Department of Otorhinolaryngology, Gyeongsang National University Changwon Hospital, Gyeongsang National University College of Medicine, Changwon, South Korea.
Department of Otorhinolaryngology, Muhimbili National Hospital, Dar es Salaam, Tanzania.
Auris Nasus Larynx. 2021 Jun;48(3):394-399. doi: 10.1016/j.anl.2020.09.009. Epub 2020 Sep 24.
This study investigated the effect of an active transcutaneous bone conduction implant (BoneBridge) in the management of tinnitus in patients with unilateral sensorineural hearing loss.
From October 2016 to July 2018, 15 patients with unilateral tinnitus accompanied by ipsilateral sensorineural hearing loss received BoneBridge implants. Pure-tone average, tinnitus handicap inventory (THI), and a visual analogue scale (VAS) for awareness, loudness, and annoyance were measured before and 6 months after surgery. We defined improvement as a reduction of more than 20% between preoperative and postoperative VAS and THI scores, and changes in the THI of over 7 points were also assessed.
Mean THI scores before surgery (72.8 ± 16.1) had significantly improved by 6 months postoperatively (50.9 ± 18.9) (p = 0.003). VAS scores for loudness and annoyance also statistically significantly improved (p = 0.011 and 0.002). The amount of functional hearing gain correlated with changes in VAS scores for annoyance. This correlation was stronger with the improvement of high frequency hearing.
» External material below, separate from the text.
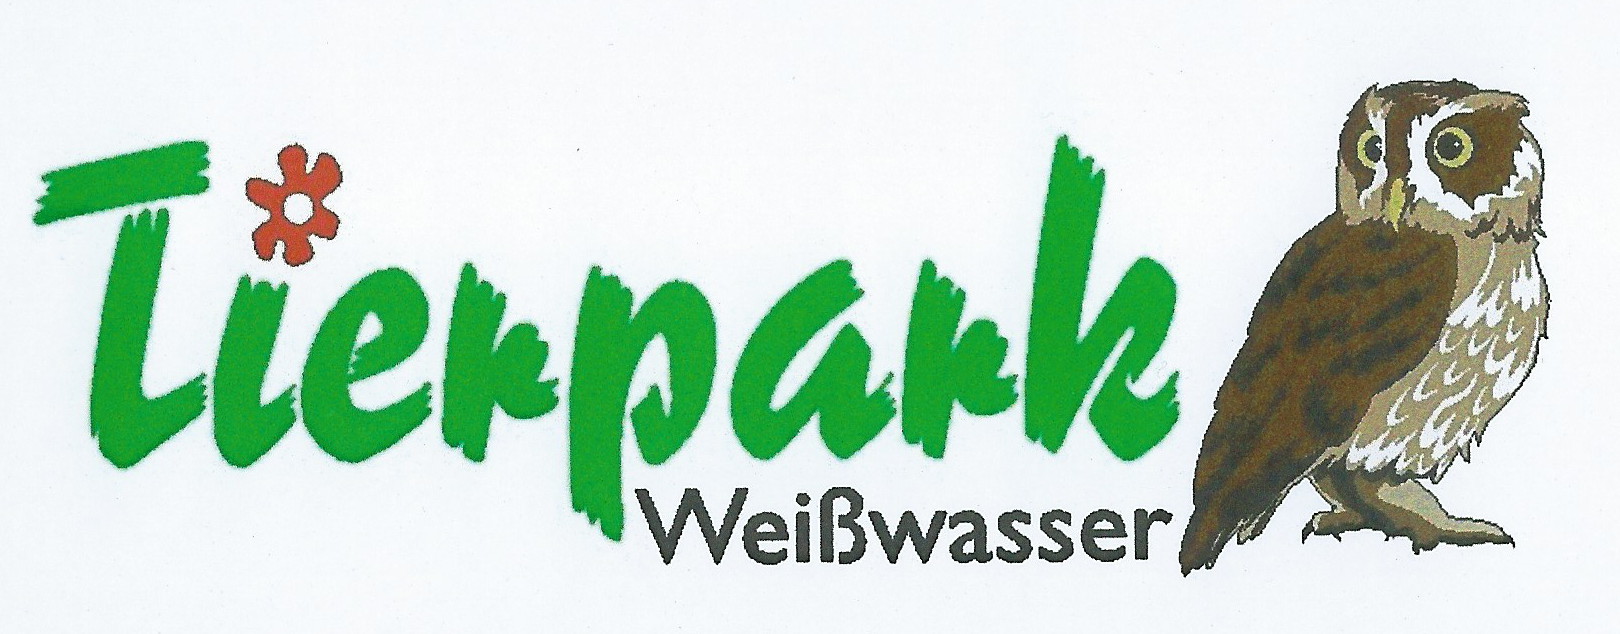 TPWSW Logo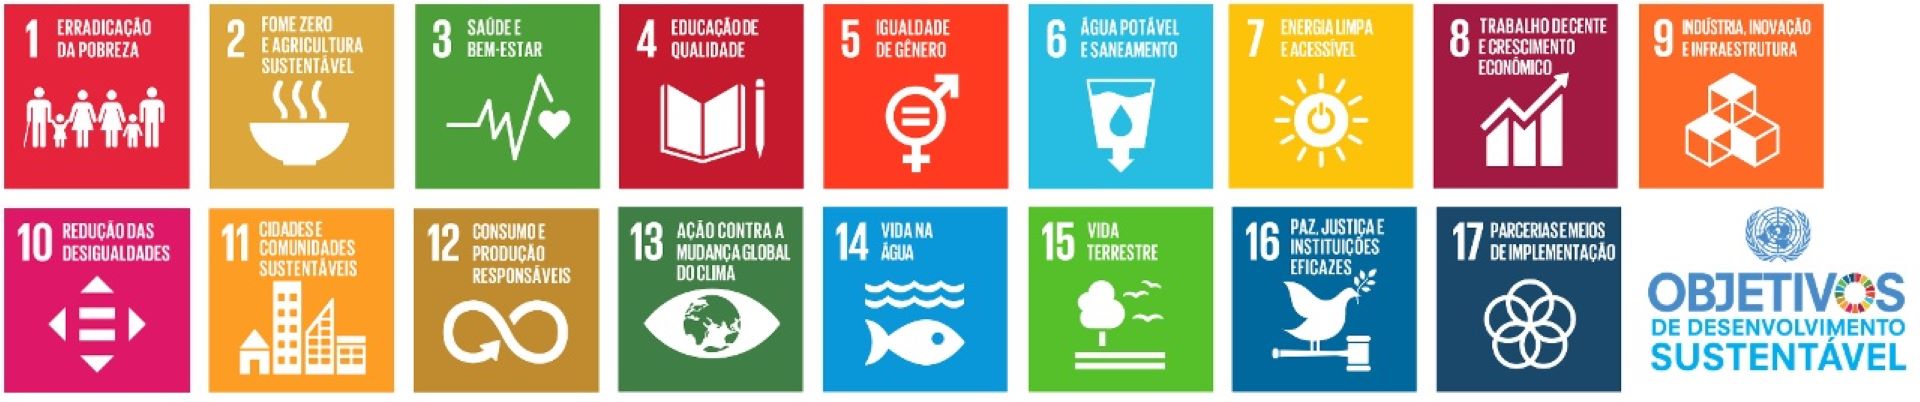 Objetivos de Desenvolvimento Sustentável - ONU

BoneBridge is beneficial in patients with tinnitus accompanied by sensorineural hearing loss. This finding can help select patients who will benefit most from bone conduction implants.
本研究旨在探讨主动经皮骨导植入(BoneBridge)在单侧感音神经性听力损失患者耳鸣管理中的作用。
2016 年 10 月至 2018 年 7 月,15 例单侧耳鸣伴同侧感音神经性听力损失患者接受 BoneBridge 植入。术前和术后 6 个月分别测量纯音平均听阈、耳鸣残疾量表(THI)和耳鸣感知、响度和烦恼的视觉模拟量表(VAS)。我们将改善定义为 VAS 和 THI 评分术前和术后分别下降超过 20%,以及 THI 评分变化超过 7 分。
术前 THI 评分均值(72.8±16.1)在术后 6 个月显著改善至(50.9±18.9)(p=0.003)。响度和烦恼的 VAS 评分也有统计学意义的改善(p=0.011 和 0.002)。功能性听力增益的量与烦恼的 VAS 评分的变化相关。这种相关性在高频听力改善时更强。
BoneBridge 对伴有感音神经性听力损失的耳鸣患者有益。这一发现有助于选择最受益于骨导植入的患者。